**REQUIRED WORK:** Your answer must be an exact copy of the data below, minus any pictures.

**INFORMATION PROVIDED:**
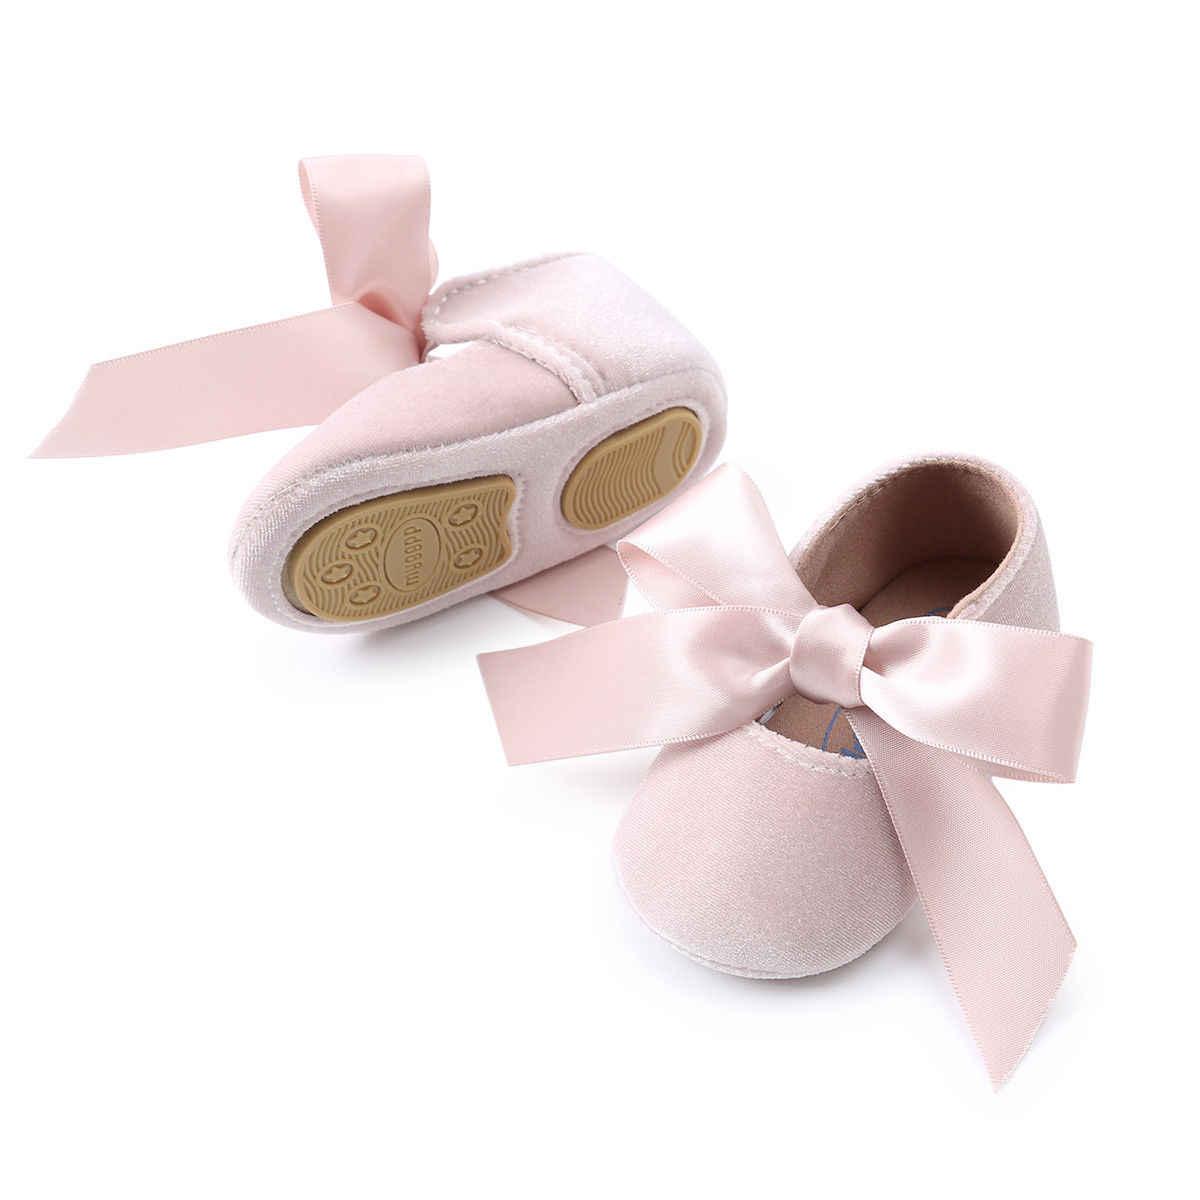 Tênis casuais de flanela para bebês, sapatos para meninas, recém nascidos, com laço, cores sólidas, 2018
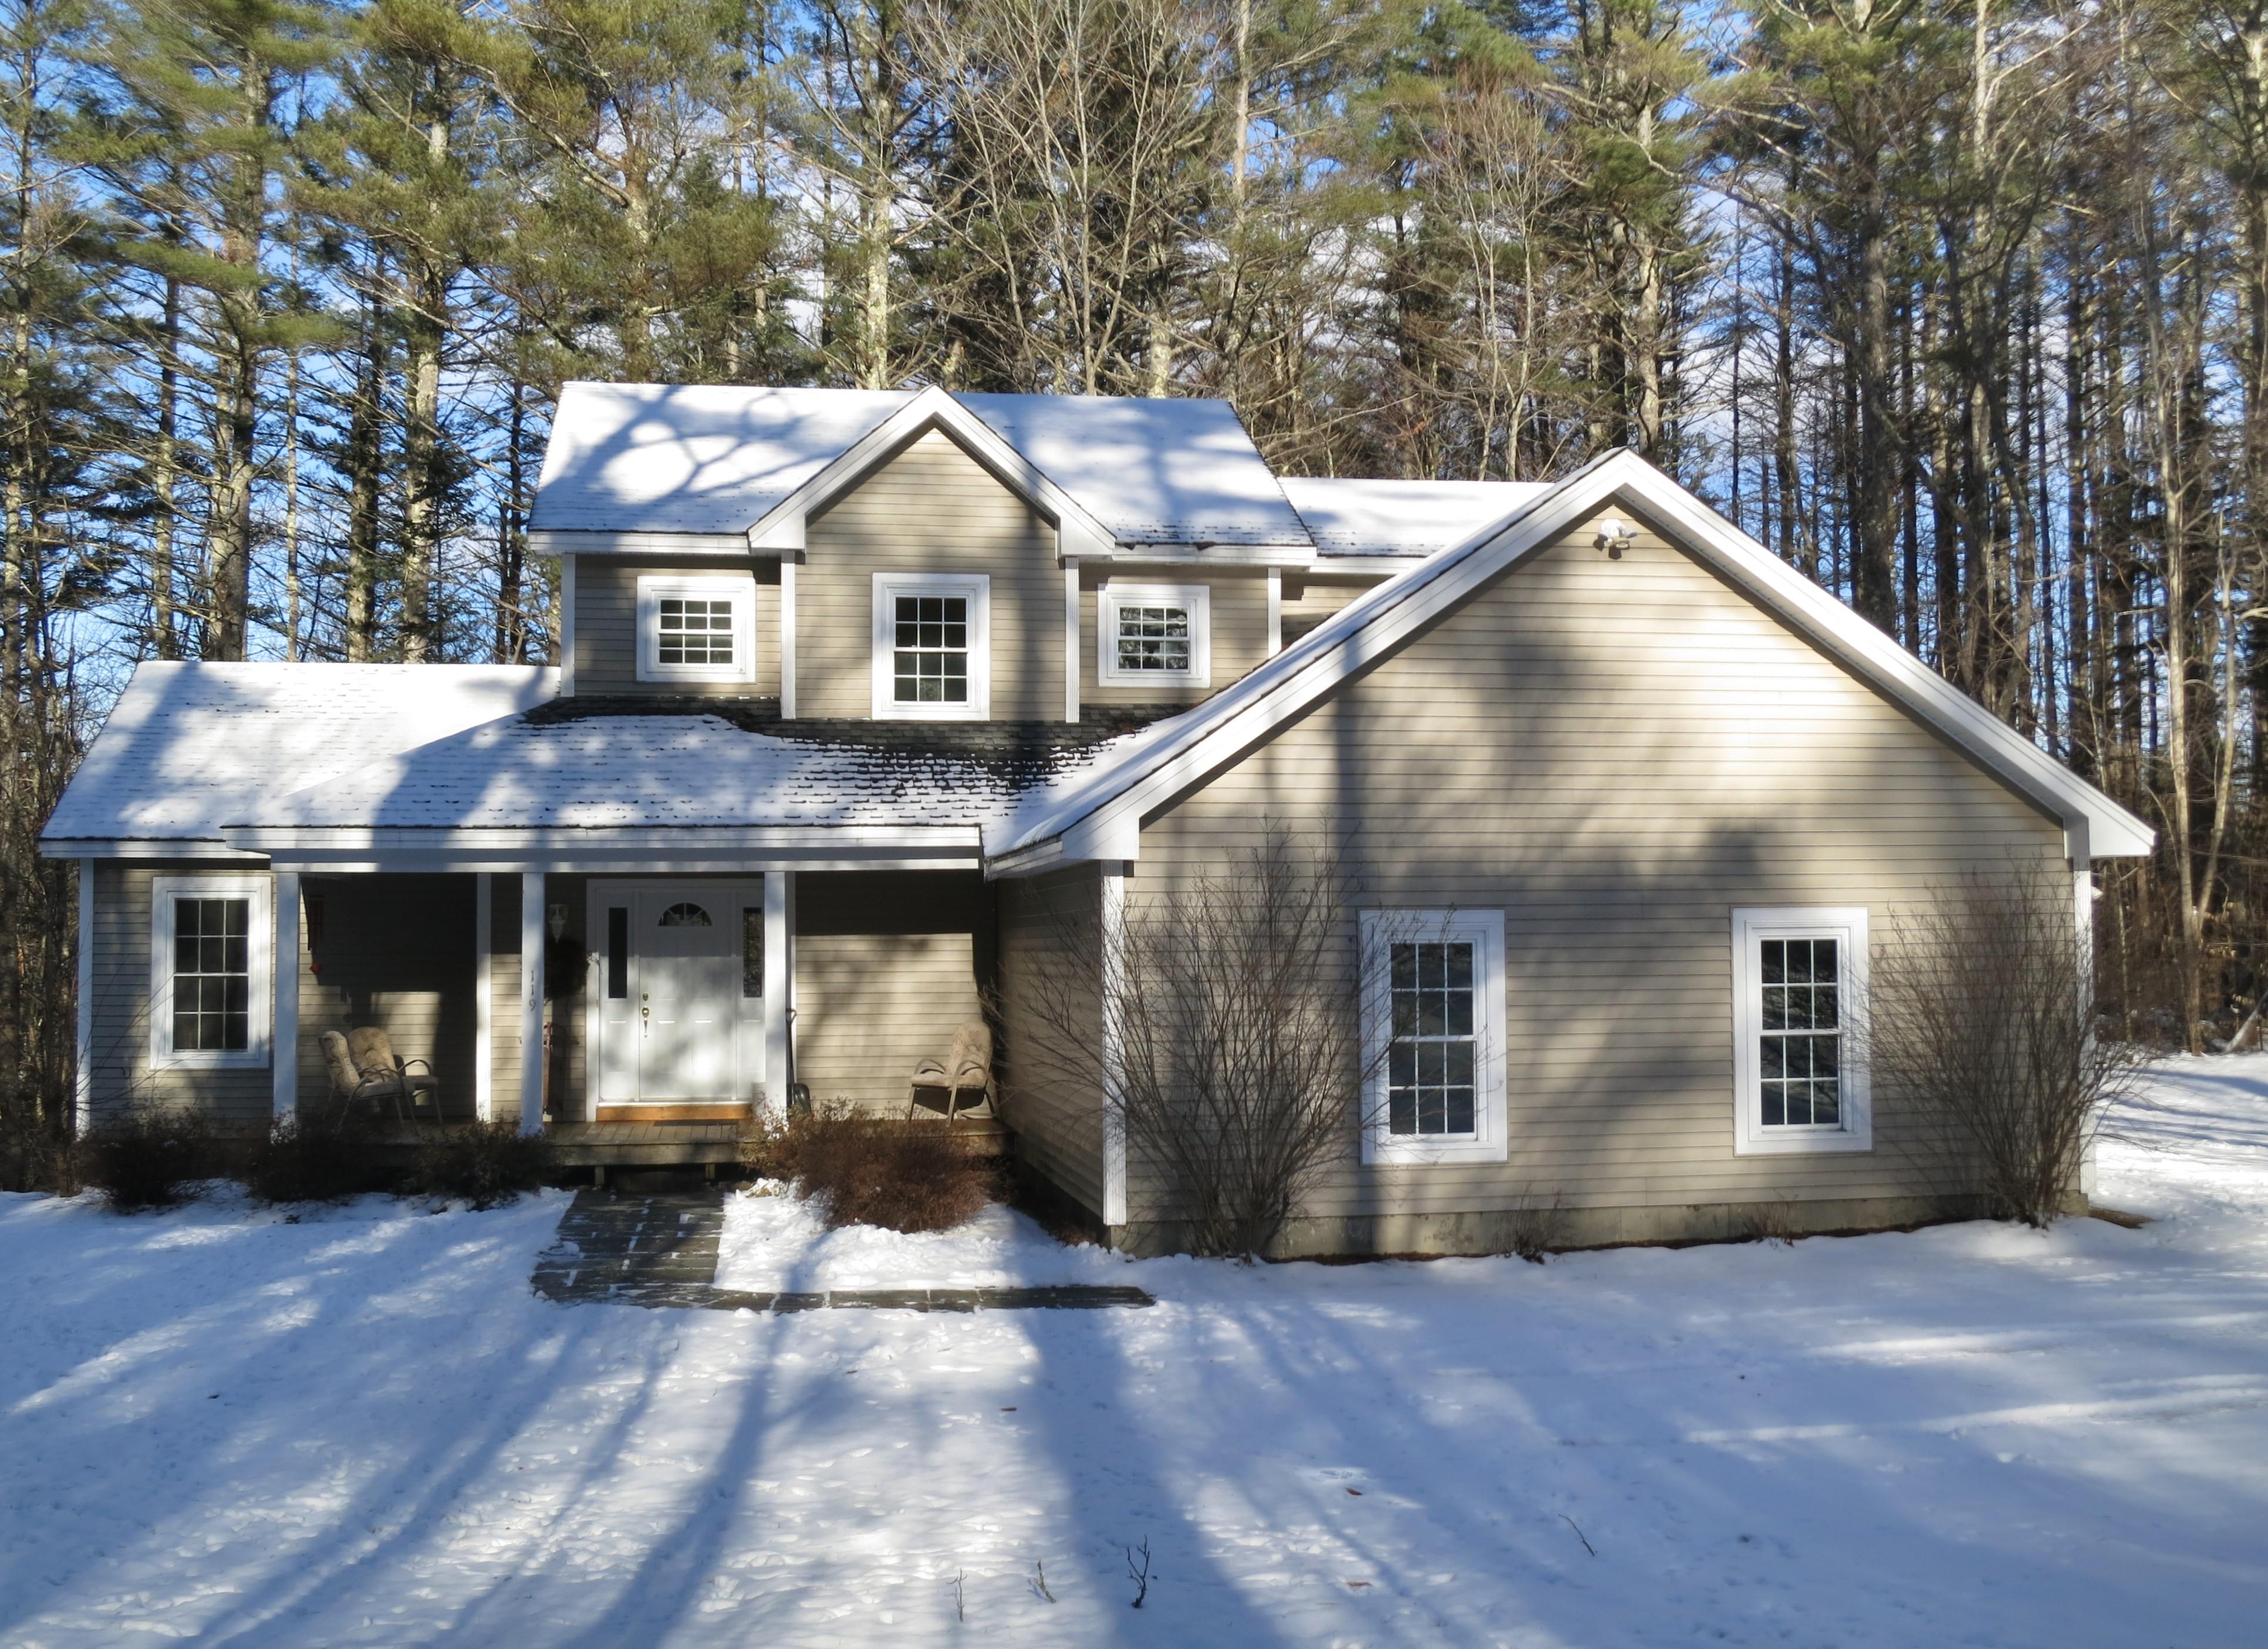 独户住宅 为 销售 在 119 Adams Drive, Londonderry 伦敦德里郡, 佛蒙特州, 05148 美国
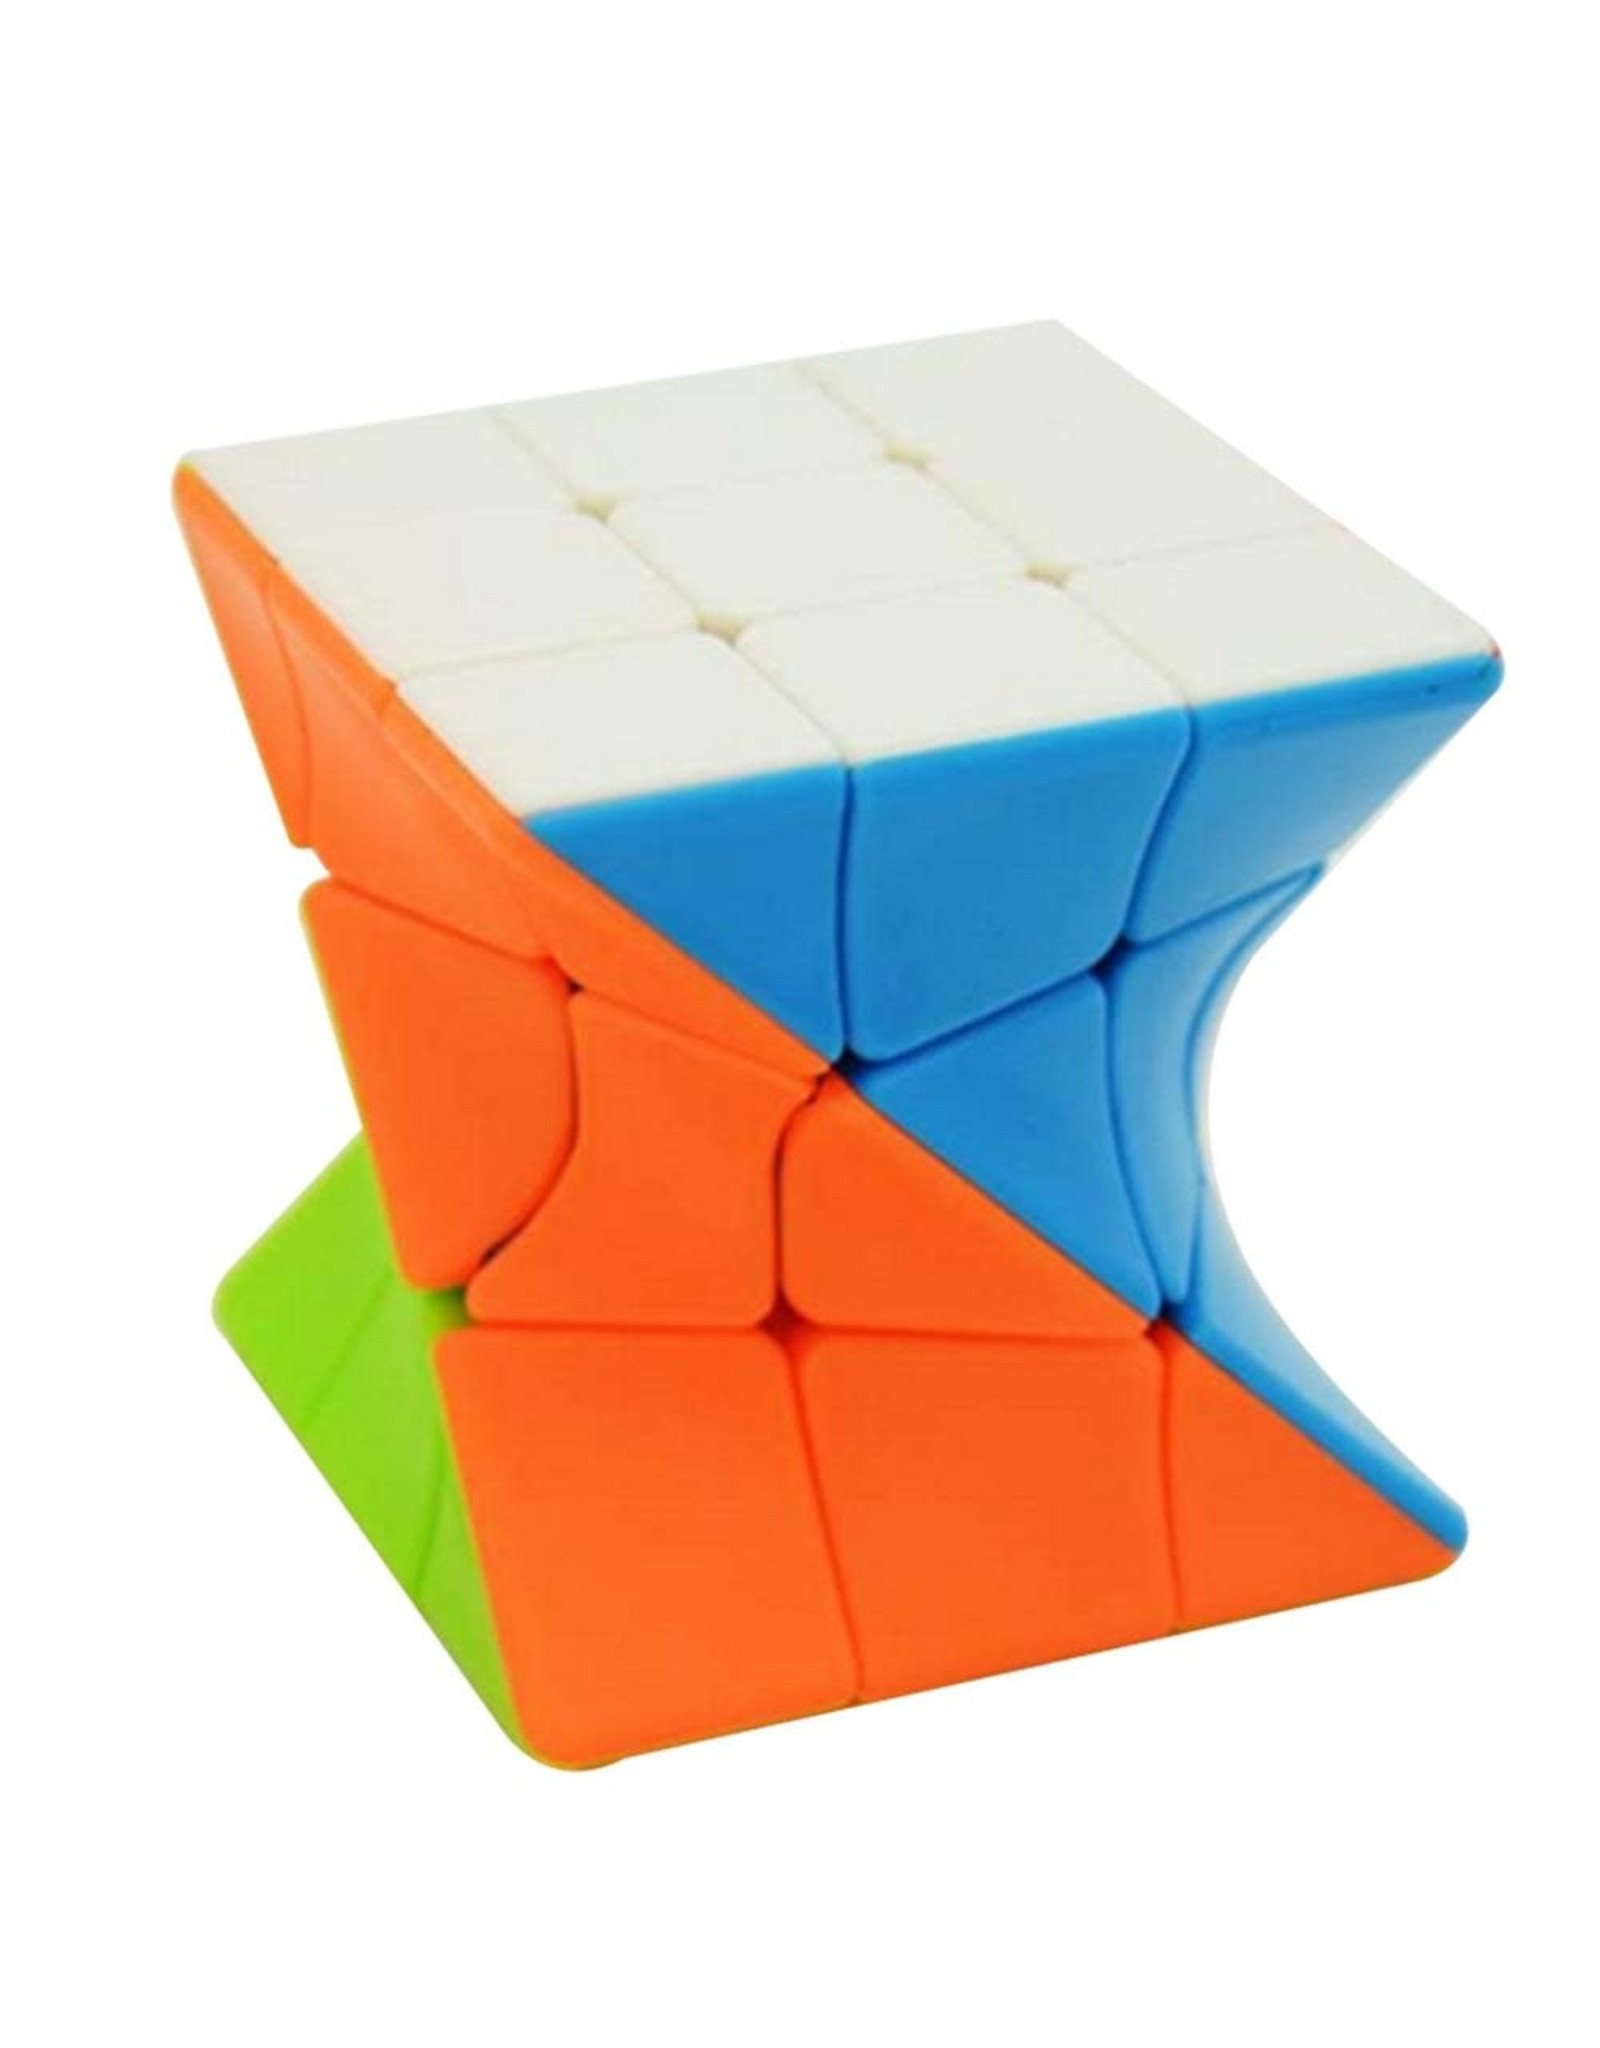 SpeedCubeShop Twist Cube (SpeedCubeShop)

**YOUR RESPONSE:**
 Tênis casuais de flanela para bebês, sapatos para meninas, recém nascidos, com laço, cores sólidas, 2018
 独户住宅 为 销售 在 119 Adams Drive, Londonderry 伦敦德里郡, 佛蒙特州, 05148 美国
 SpeedCubeShop Twist Cube (SpeedCubeShop)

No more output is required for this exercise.